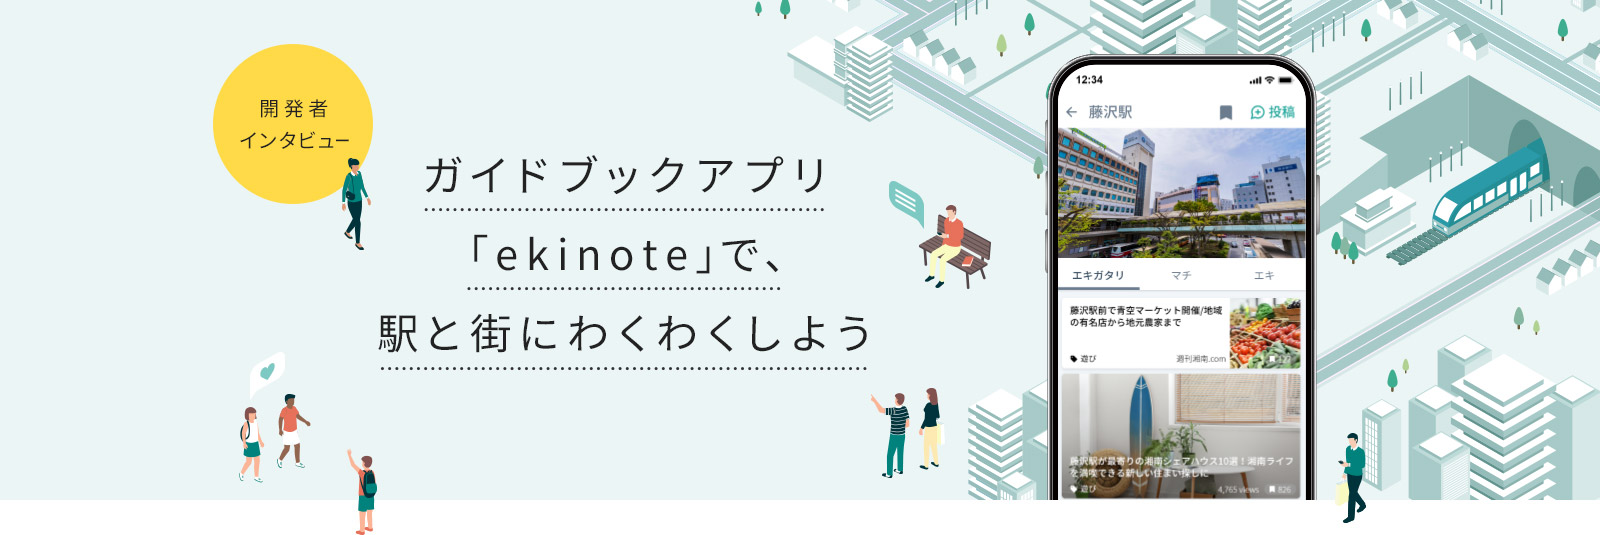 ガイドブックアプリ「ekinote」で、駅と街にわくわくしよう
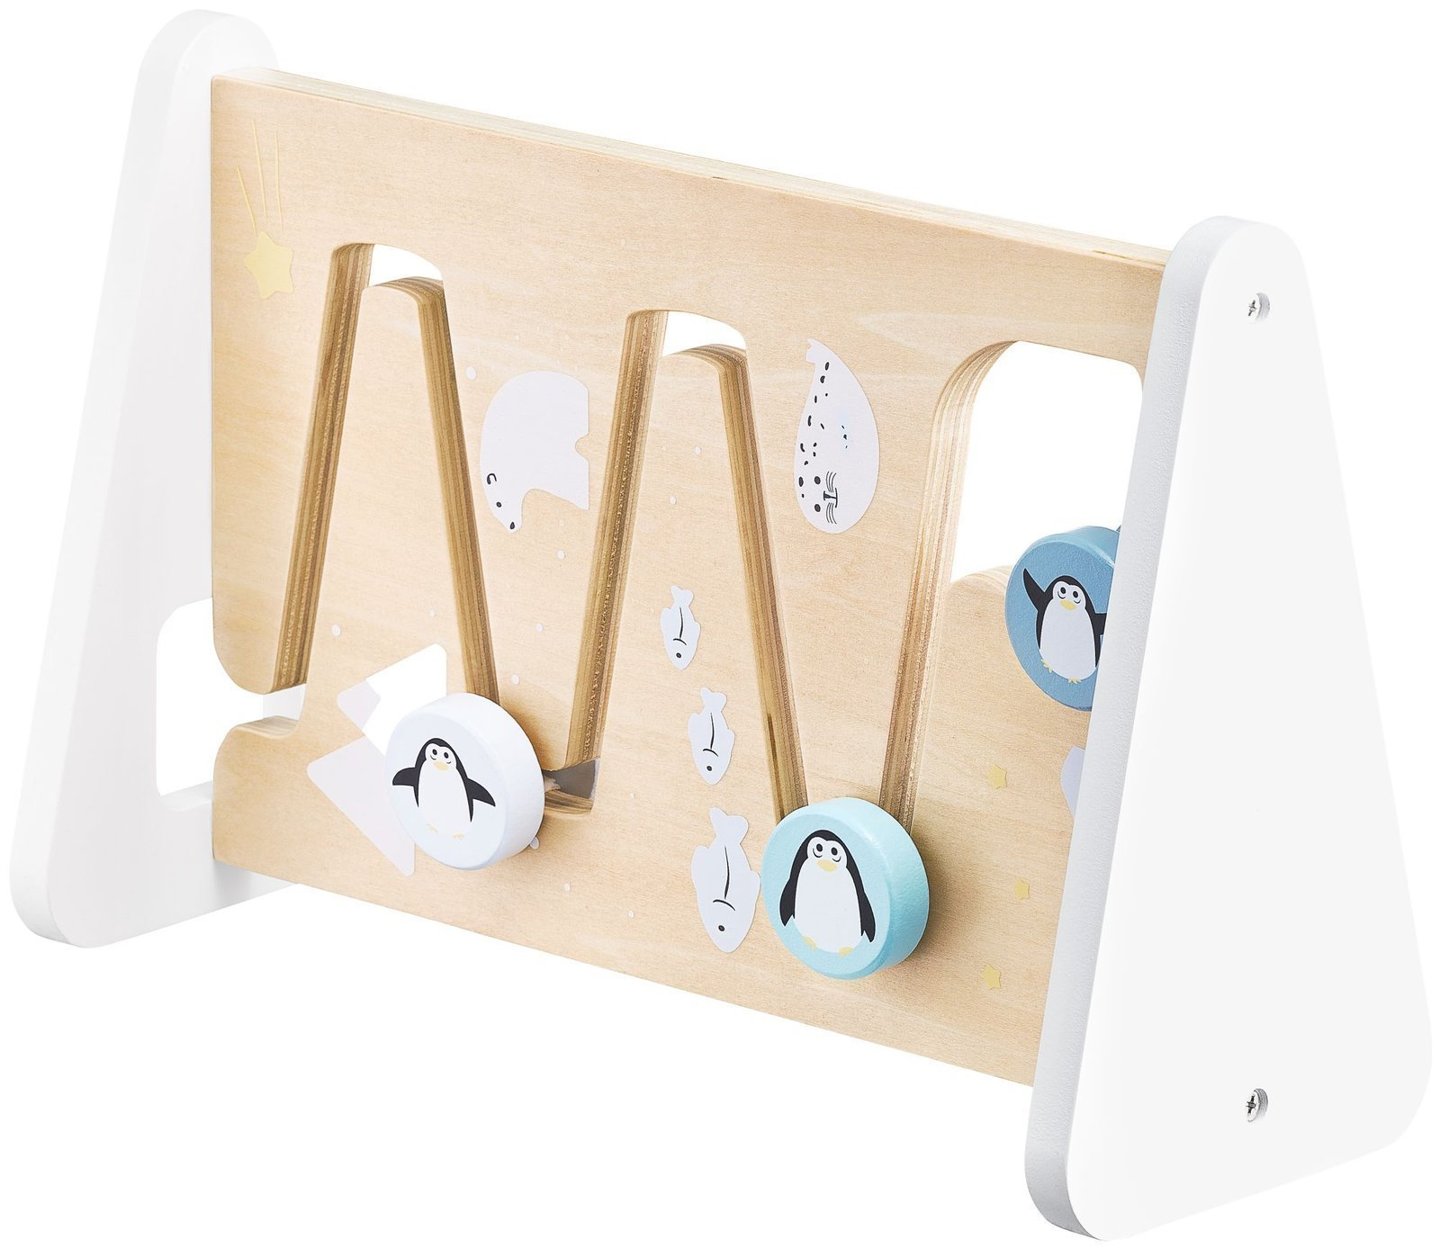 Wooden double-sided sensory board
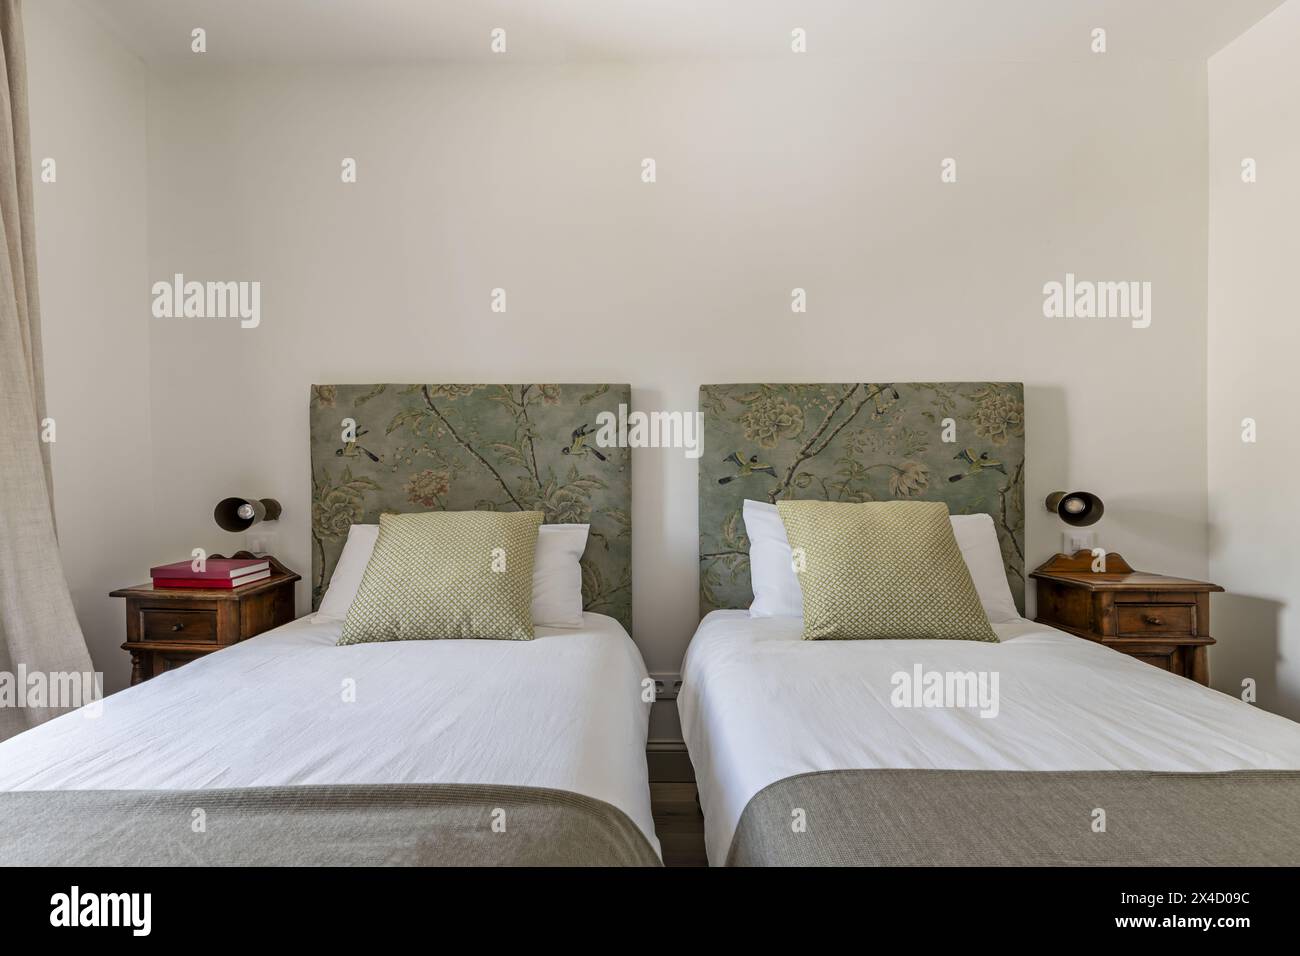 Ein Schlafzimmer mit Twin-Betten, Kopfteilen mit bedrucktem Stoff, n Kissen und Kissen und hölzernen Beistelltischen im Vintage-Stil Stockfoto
...
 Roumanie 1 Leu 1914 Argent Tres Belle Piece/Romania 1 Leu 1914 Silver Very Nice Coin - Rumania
* * *
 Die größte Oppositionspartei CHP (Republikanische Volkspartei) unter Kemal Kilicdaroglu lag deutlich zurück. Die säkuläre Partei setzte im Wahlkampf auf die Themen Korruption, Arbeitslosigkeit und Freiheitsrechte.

# [Your assignment]
Retype only the lines above from the one with "ガイドブックアプリ「ekinote」で、駅と街にわくわくしよう" through the one with "Ein Schlafzimmer mit", exactly and with both ends. Images stay out.

# [Problem solution]
 ガイドブックアプリ「ekinote」で、駅と街にわくわくしよう
 Wooden double-sided sensory board
 Ein Schlafzimmer mit Twin-Betten, Kopfteilen mit bedrucktem Stoff, n Kissen und Kissen und hölzernen Beistelltischen im Vintage-Stil Stockfoto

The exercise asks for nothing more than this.